1. Колотов Сергей Сильвестрович — друг и родственник Васнецовых.

ДМВ.
20 января 1914 г.

С Новым годом! С новым счастьем, дорогой Виктор! Желаю тебе здоровья, успеха, новой славы и новых радостей. Пользуюсь благоприятным случаем, чтобы прервать наше обоюдное молчание. Скажу кое-что о себе, авось узнаю кое-что о тебе... Время летит так быстро, незаметно: будни похожи на праздники, а праздники – на будни. Впрочем, нынче мы с Анной Владимировной разгулялись и развеселились не на шутку и Рождество провели очень оживленно.

ДМВ.
Начало года – до марта 1914 (?).

Дорогие Виктор и Аполлинарий!

Чтобы не повторять одну и ту же пакостную вещь, пишу вам обоим разом. Аркадий, кажется, предупредил меня и наябедничал. Ах, ах! Ведь говорил, чтоб не писал. А что писать! Один докторишко отморозил глупость: назвал болезнь страшным именем, и вдруг ему все поверили. А я не верю! Вот не хочу и не хочу верить! Ему не верю, а к другому доктору не пойду (пойду, да не скоро), а в Москву и совсем не поеду. Ну, посудите сами, почему я должен доложиться московским знаменитостям: так, мол, и так, умирать собираюсь. Что вы на это скажете? А они ответят: поезжай домой и умирай. Ведь два твоих брата приезжали, докладывались, а умерли прекрасным образом дома. Но всё же умирать не хочется! Больше всего семью жаль покинуть. Сколько они, горемычные, претерпят горя и нужды. Разве на учительское жалованье Анны Владимировны можно существовать? Нужда семьи – самое больное место, больнее его нет. Смерть… А чем она страшна?! Покой и отдых. Надоела мне моя собачья должность. Она меня довела до болезни. Врёшь, моя судьба! Назло ей жить буду. А покуда прощайте! Не может быть, чтоб это письмо было одно из предпоследних!

Ваш Александр.

OP ГТГ. 11/424.
10 марта 1914 г.

Александр – Аполлинарию.

[О болезни. Рака не нашлось. О невозможности оставить семью и приехать в Москву].

МКВ.
9 апреля 1914 года.

Александр – Аполлинарию.

...Насчёт своего здоровья могу все высказать в двух словах: «веселёхонек и здоровёхонек». Уже внутренних лекарств никаких не принимаю. Все мои заболевания врач приписал малокровию, назначил вспрыскивания мышьяком. Нужно произвести 40 вспрыскиваний. Произведено только ещё 22. Но и теперь я чувствую себя прекрасно: никаких болезненных проявлений.

...Относительно своей поездки в Москву во время лета – мечта, одно сладостное предположение, пустынный мираж.

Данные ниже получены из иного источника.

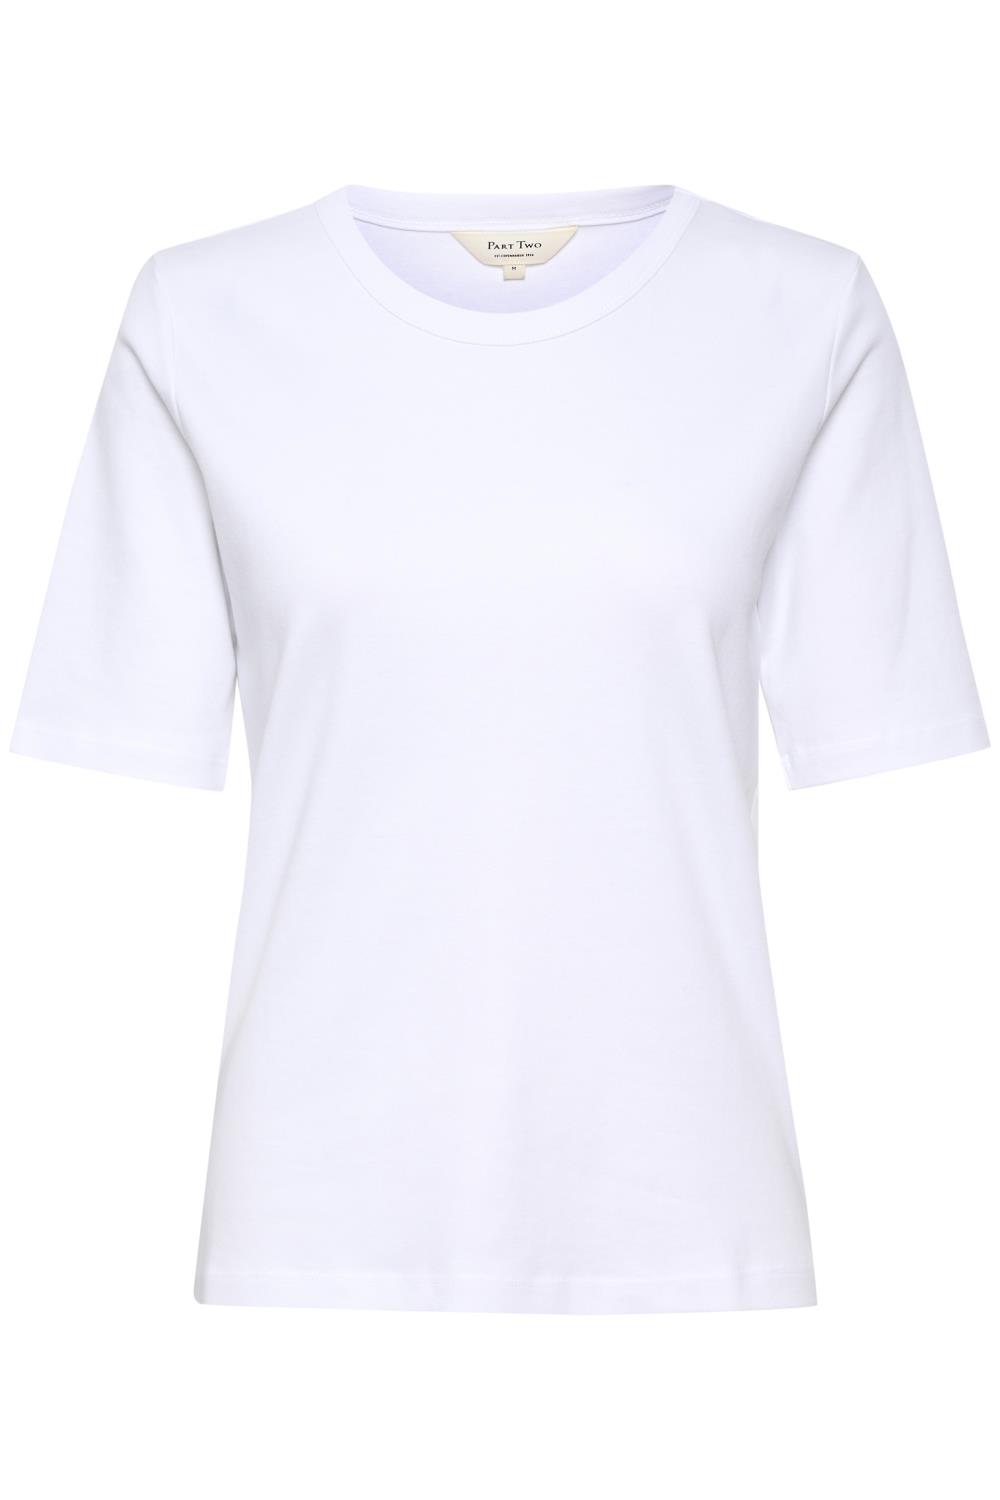 Part Two Ratana T-shirt, hvit bomull

Нет, даже лучше устроить так: приезжайте-ка вы в Вятку, благо, Виктор тоже собирается. Ведь Татьяна Ивановна и Вова не имеют никакого представления о нашем медвежьем угле. Эта мысль даже осуществимее. И как бы было хорошо. Мы так обсиделись на одном месте, так вросли в землю и обросли мхом, что для нас поездка – громадный перелом в жизни, и чтоб на неё решиться, нужно массу энергии потратить. Вы же привыкли каждое лето уезжать. Для Вовы у нас было бы прекрасно: есть корова, есть коза с премилым козлёночком, есть куры с петухом, будут цыплята. Наш Серёжа тоже до всего этого охотник, больше, чем Надя. После Пасхи пойду по казённым учреждениям, буду искать новой должности.

Теперь Пасха – красная. Погода у нас, можно сказать, дурацкая: снегу масса, тает плохо, каждое утро заморозки. И не подумаешь, что середина апреля. Что через три недели – май. Будет ли тепло? Будет ли настоящая весна, потеряли надежду.

Александр.

ОР ГТГ. 11/426.
12 мая 1914 г.

14 лет, которые мы не виделись, не помолодили меня... И у нас месяц май (только не на сердце), и у нас тепло: деревья распустились, больше всего тополь. Цветы цветут пока одни одуванчики. Люблю я эти цветочки, весенние полевые звездочки.

ДМВ. 1451 (27).
5 июля 1914 г.

Дорогой Виктор!

Правда или нет то было, что ты приезжал в Вятку, до сих пор не могу решить. Как будто похоже на правду, но можно и приятным сном назвать. В этом приятном сне, я помню, ты дал мне такое обещание: если наклюнется какое место и если явится надобность в твоём содействии, то ты не откажешься написать и попросить за меня. Теперь это обещание можно исполнить. И я очень бы просил тебя об этом. Я подал прошение на имя ректора Вятской духовной семинарии, где, т. е. при семинарии, с 16 августа освобождается место учителя в образцовой школе. Определение зависит от ректора. Ему-то я и просил бы тебя написать, указавши, что я был не только учителем, но и заведующим двухклассным училищем. Всего учительствовал 20 лет. И теперь, хотя служу по акцизу, но педагогический дух и навык из меня не выдохлись, а т. к. моя жена тоже учительствует, то с учебным миром я постоянно имею связь.

Может быть, теперь почему-либо неприятно просить его, но ведь не лично, а через бумагу. Бумага же всё снесет. Могу ли я надеяться, что исполнишь мою просьбу? И в то же время твоё обещание [нрзб.]… Как чувствует себя Боря1 после такой великой для него поездки? Мне кажется, Вятка на его духовный, да и физический мир, повлияла благотворно.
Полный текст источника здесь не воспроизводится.